Rind no respondió enseguida.
- No es nada…Vamos, ayúdame a servir la cena. – dijo, dándole la espalda.
Esa misma noche, cuando Aine estaba quedándose dormida, oyó que alguien se acercaba. Era Rind. Le hizo un gesto para que se levantara y la siguiera. Se dirigieron al exterior. El aire era fresco, y removía las hojas del bosque, situado enfrente de la casa. La luna iluminaba tenuemente el vestido de Rind, que estaba de espaldas a Aine, mirando el boscaje.

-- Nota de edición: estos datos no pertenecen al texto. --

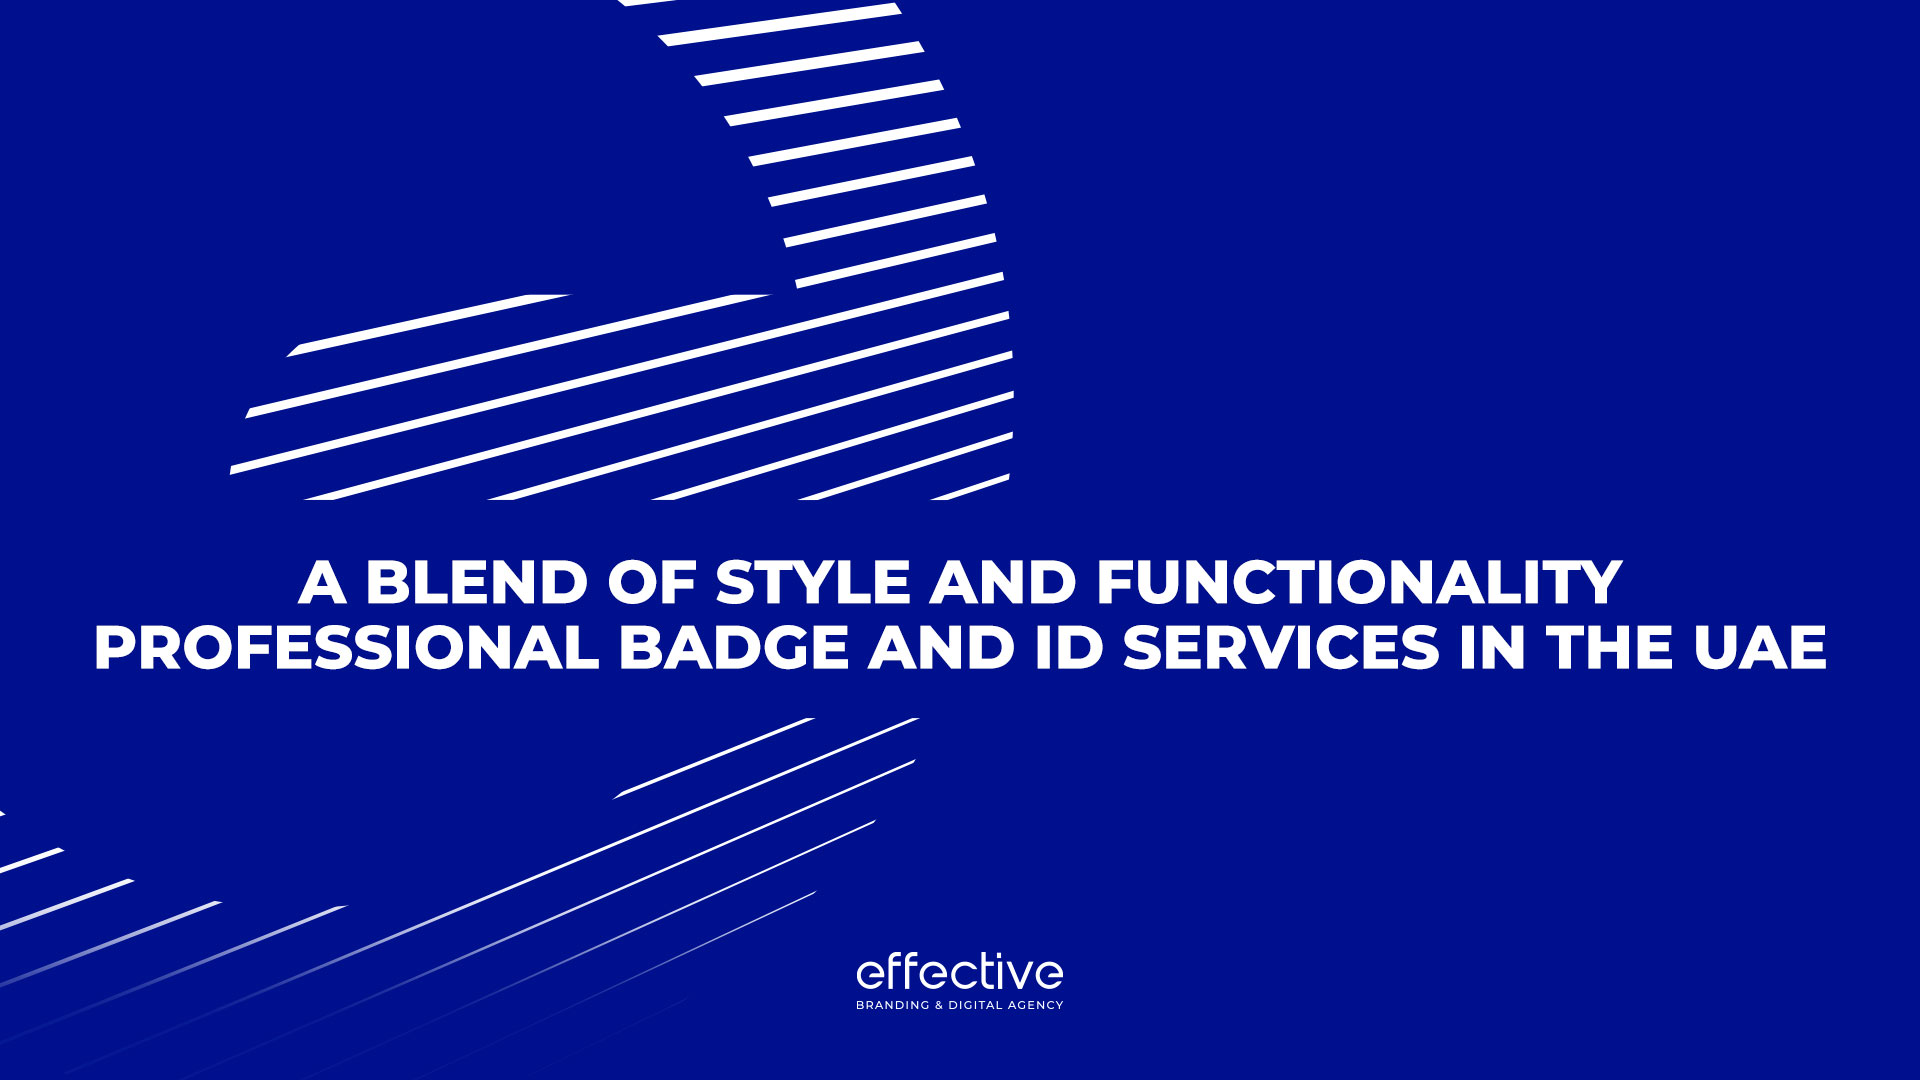 A Blend of Style and Functionality: Professional Badge and ID Services in the UAE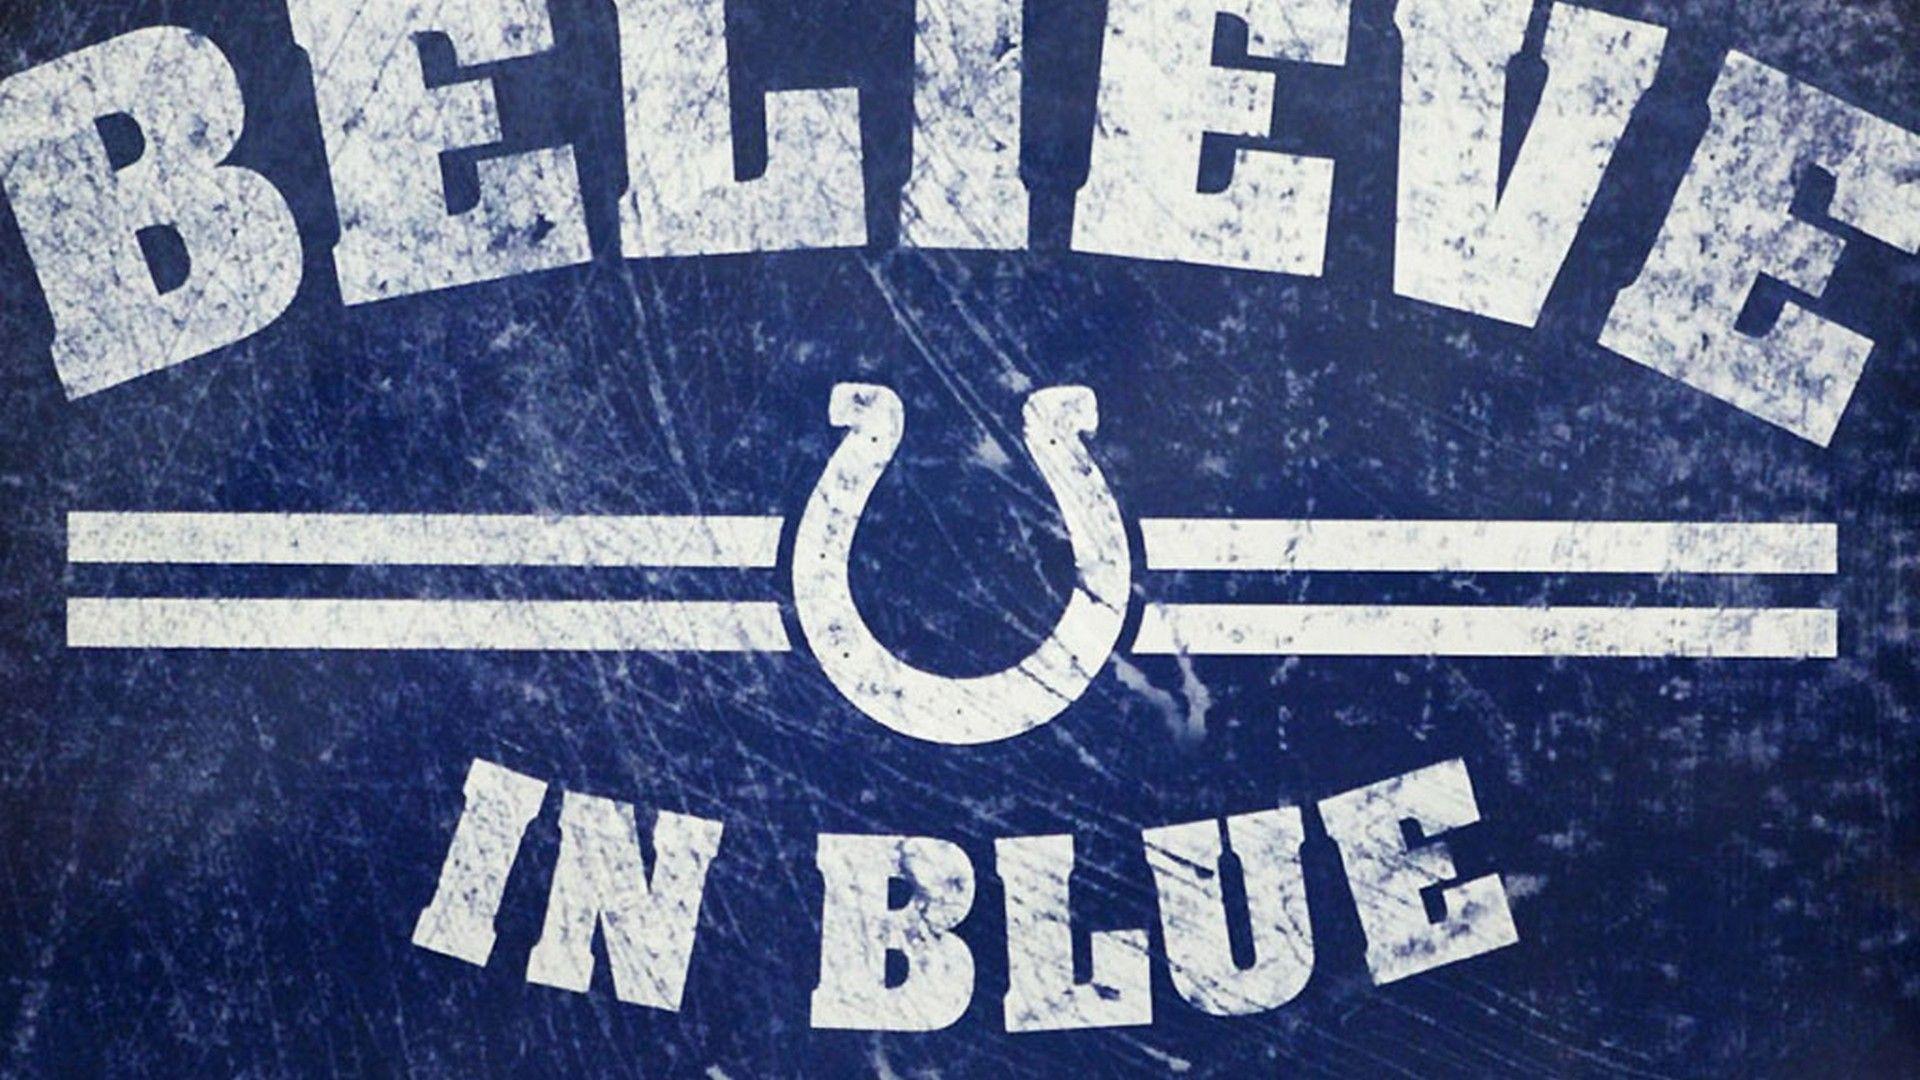 Indianapolis Colts For PC Wallpaper. Wallpaper. Indiana colts

- El bosque oculta muchos secretos. – se volvió hacia ella. – Este cristal no es muy común, y tú sabes de dónde viene, ¿no es así?
Aine asintió.
- ¿Por qué no me dijiste nada? Tenías miedo de que no te creyera. Aine… Sin duda tardé un montón en darme cuenta. ¿Hasta dónde llegaste?
- Hasta un gran salón donde había varios sillones de madera.
Silencio. Rind se aproximó a Aine, y, cogiendo sus manos, le entregó su colgante.
- Era de mi madre. Solía pasar de madre a hija, pero yo no puedo dárselo a la mía, pues es imposible que tenga… Te lo entrego a ti. Ahora vete a dormir.
- Pero…
- Las explicaciones vendrán más tarde. A dormir.
No pudo pegar ojo en toda la noche. En su mente se mezclaban las imágenes: su hermano, la torre blanca, los ojos…

Aine estaba echada sobre un suelo de piedra, sola. Miró a su alrededor, aturdida. Sólo pudo deducir una cosa: no sabía dónde se encontraba. A un lado había unas escaleras de caracol, que subían y subían. Aine las siguió, hasta llegar a una puerta de madera. La empujó con suavidad, y esta se abrió sin hacer ruido. La sala a la que llegó tenía varias ventanas enormes, algunas estanterías llenas de pergaminos polvorientos y manuscritos. Varias lámparas de forja colgaban del techo. En el centro se encontraba una mesa, y había algo sobre ella, pero estaba cubierto por un paño rojo. Al aproximarse para ver qué se ocultaba bajo la tela, despertó.